Prompt:
As written and without pictures, set down the lines from the one that contains "HEX #2C5697 PANTONE" through the end of the data.

Data excerpt:
--- START ---

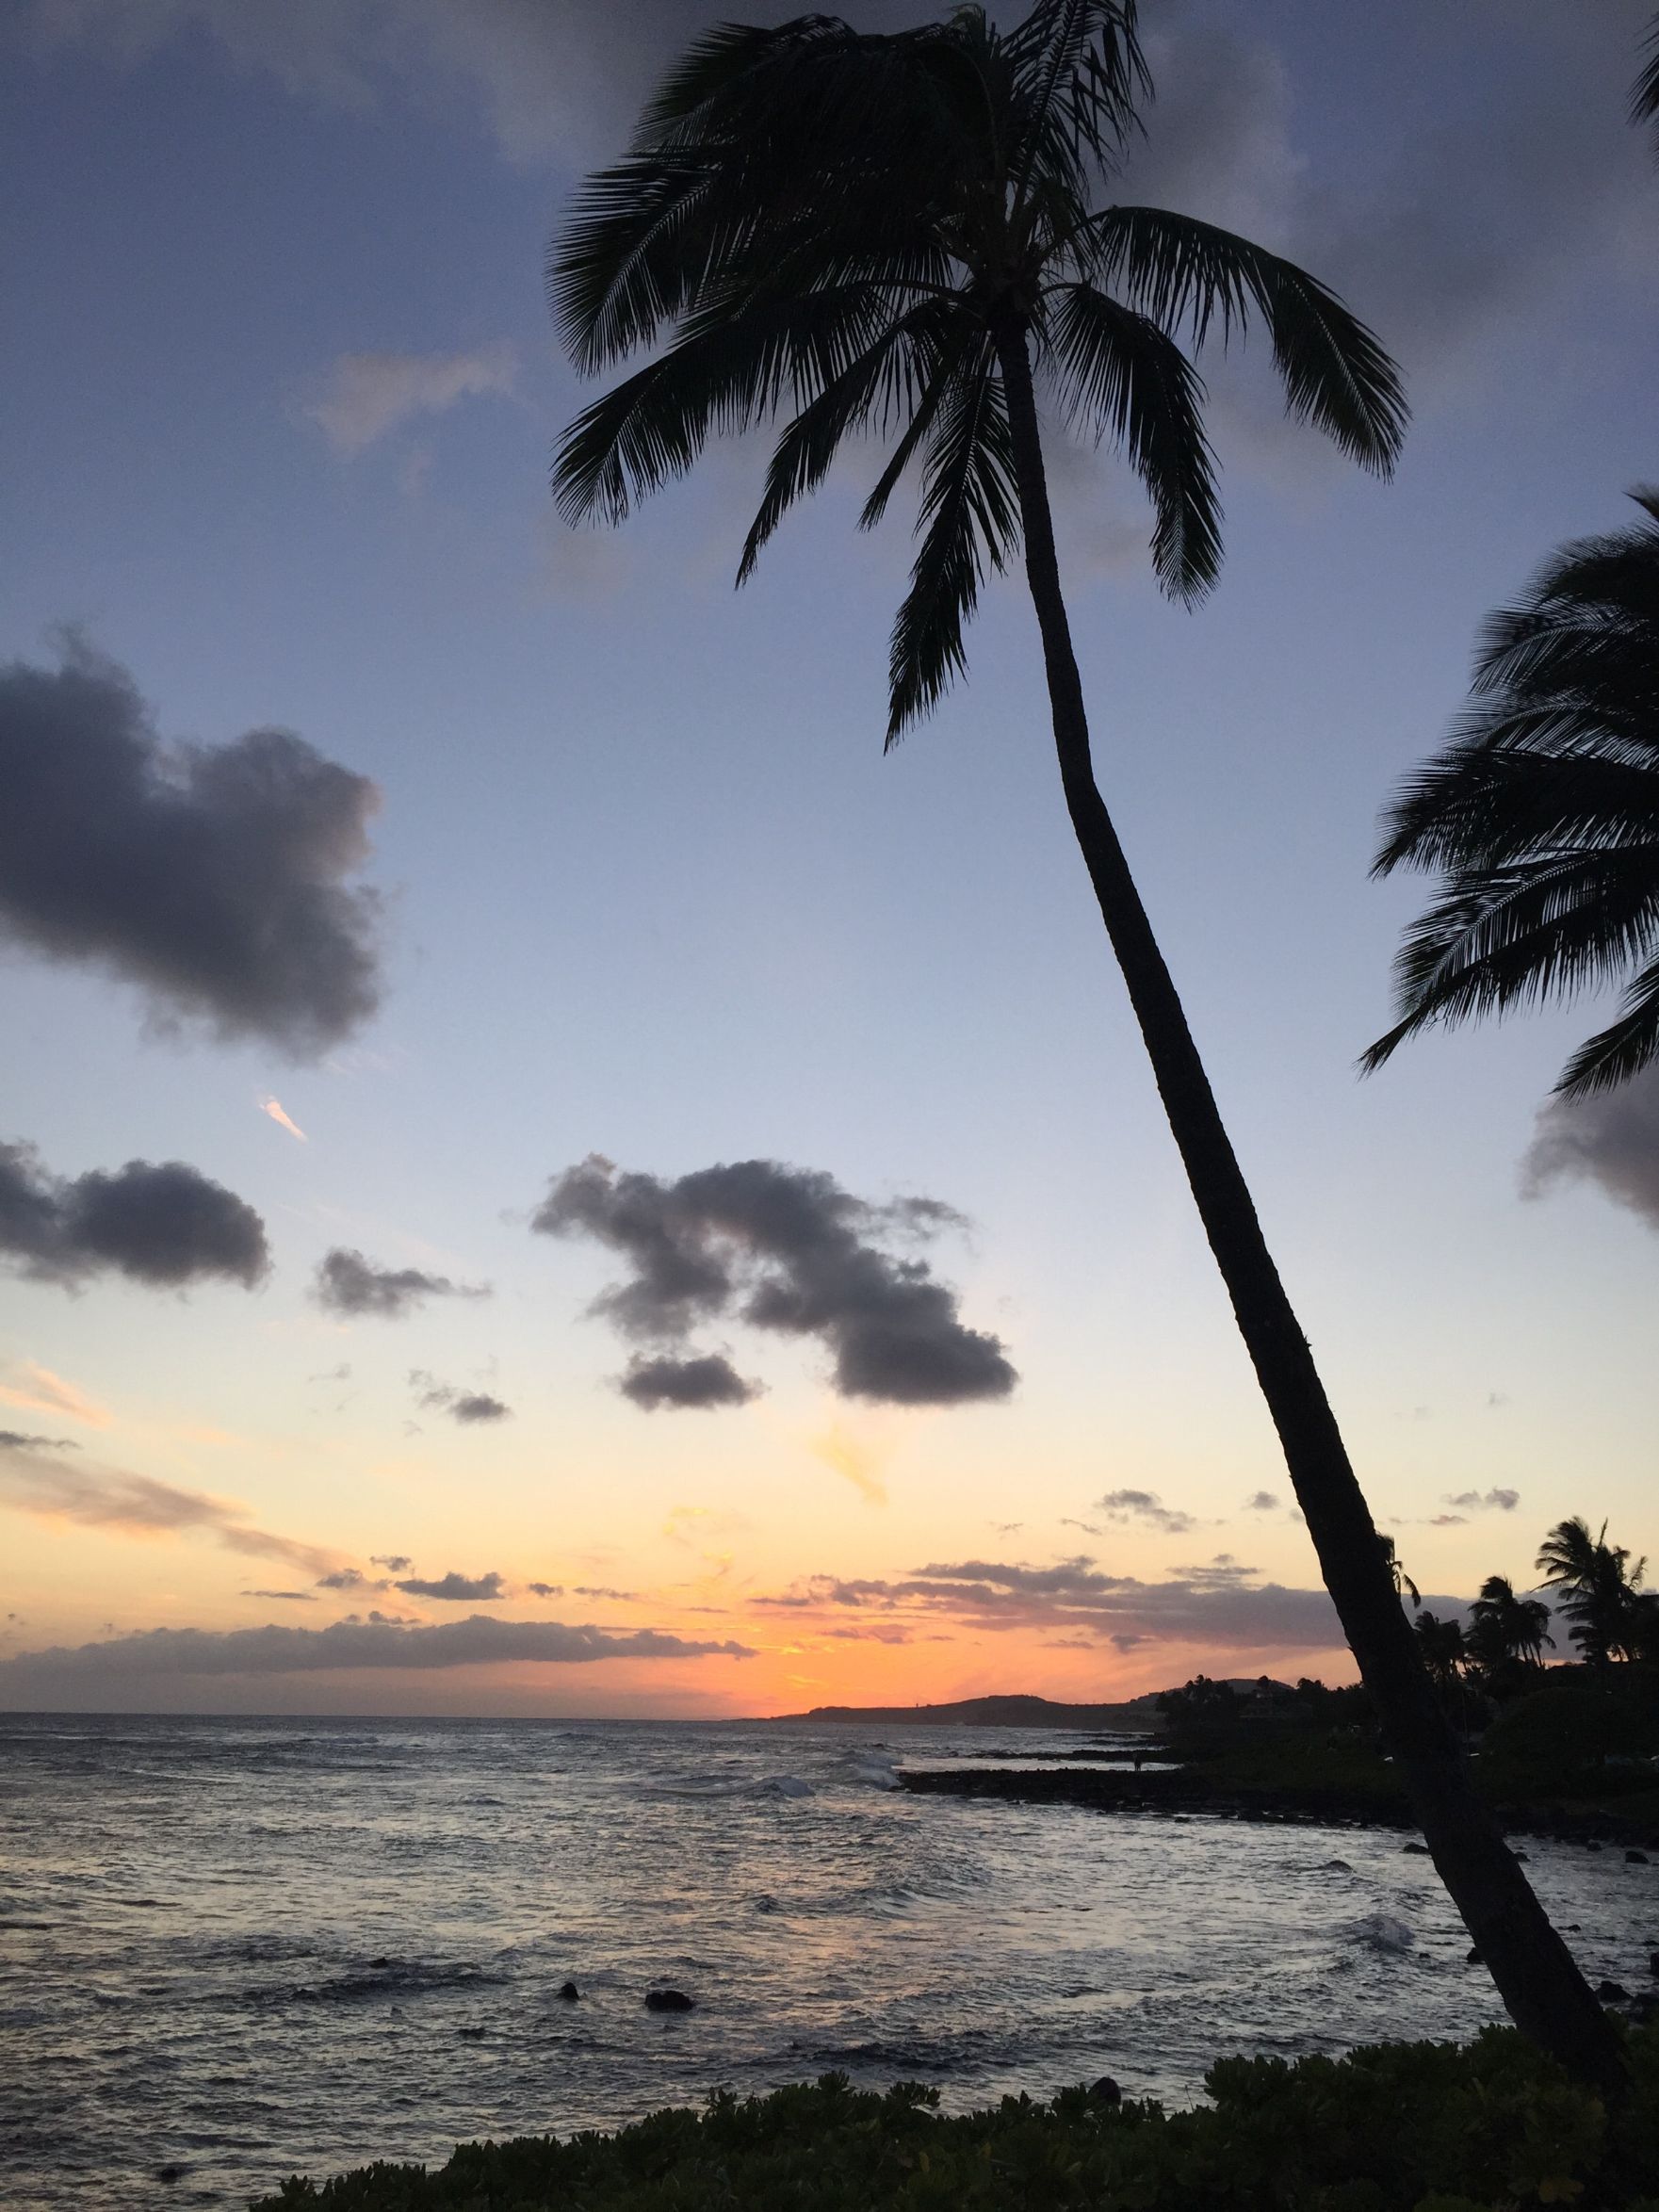 Plan a 2021 Trip to Hawaii’s Big Island
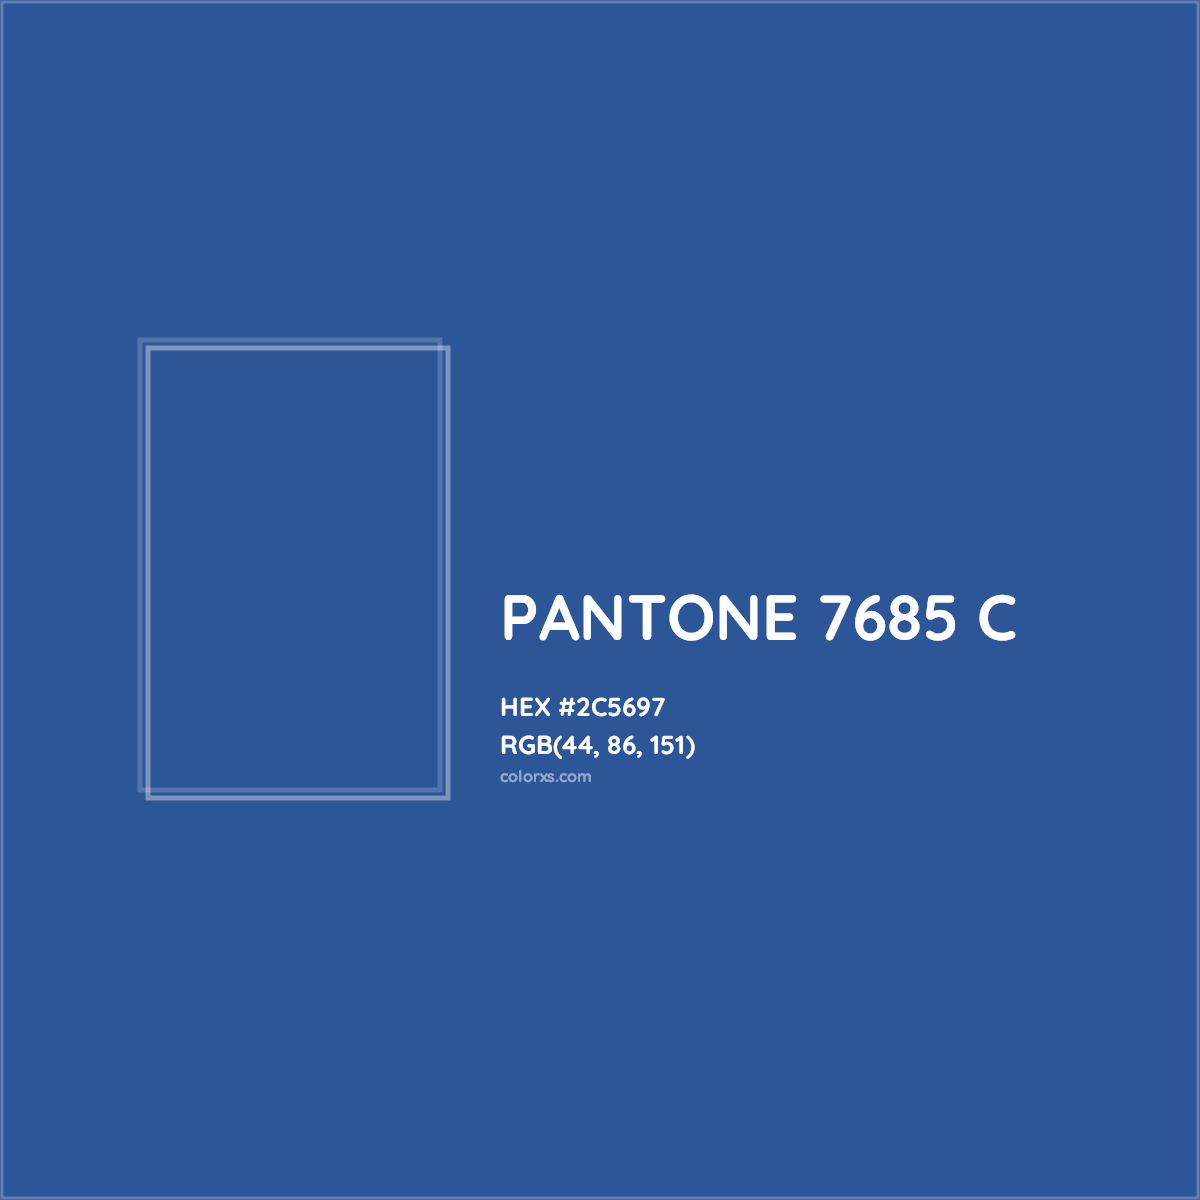 HEX #2C5697 PANTONE 7685 C CMS Pantone PMS - Color Code
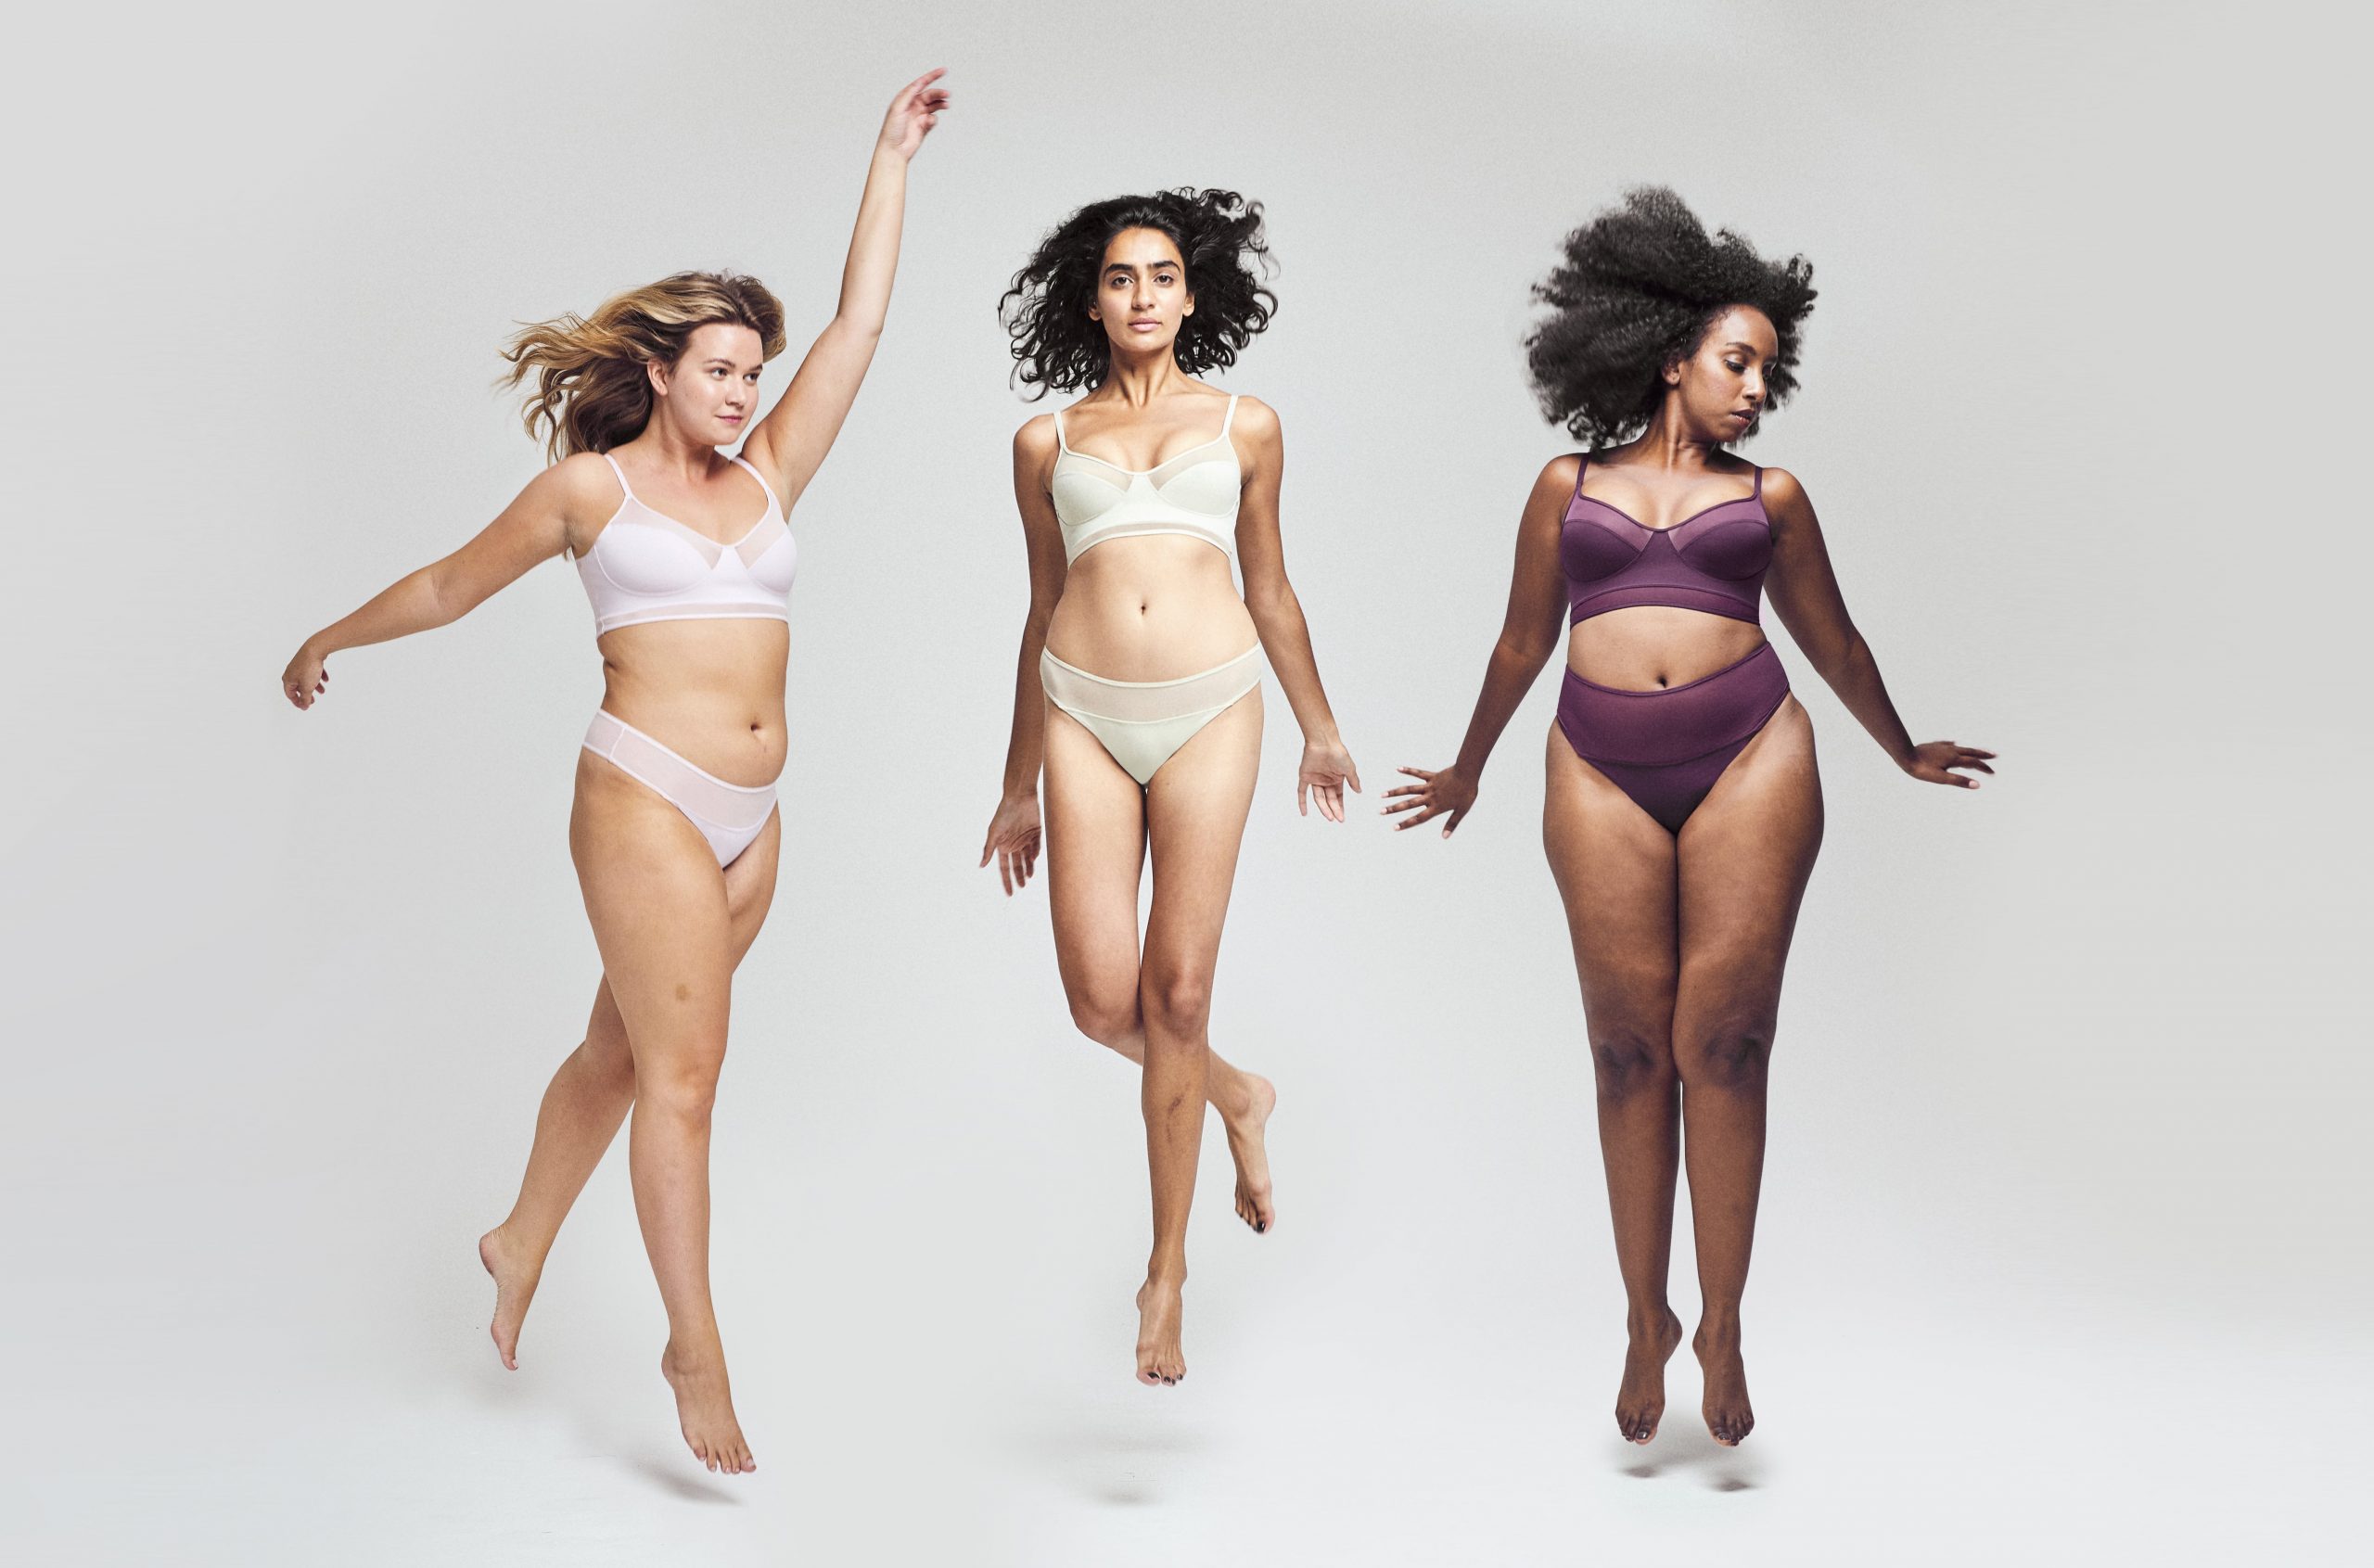 Boux Avenue launches first unretouched celebrity lingerie campaign

--- END ---

Result:
 HEX #2C5697 PANTONE 7685 C CMS Pantone PMS - Color Code
 Boux Avenue launches first unretouched celebrity lingerie campaign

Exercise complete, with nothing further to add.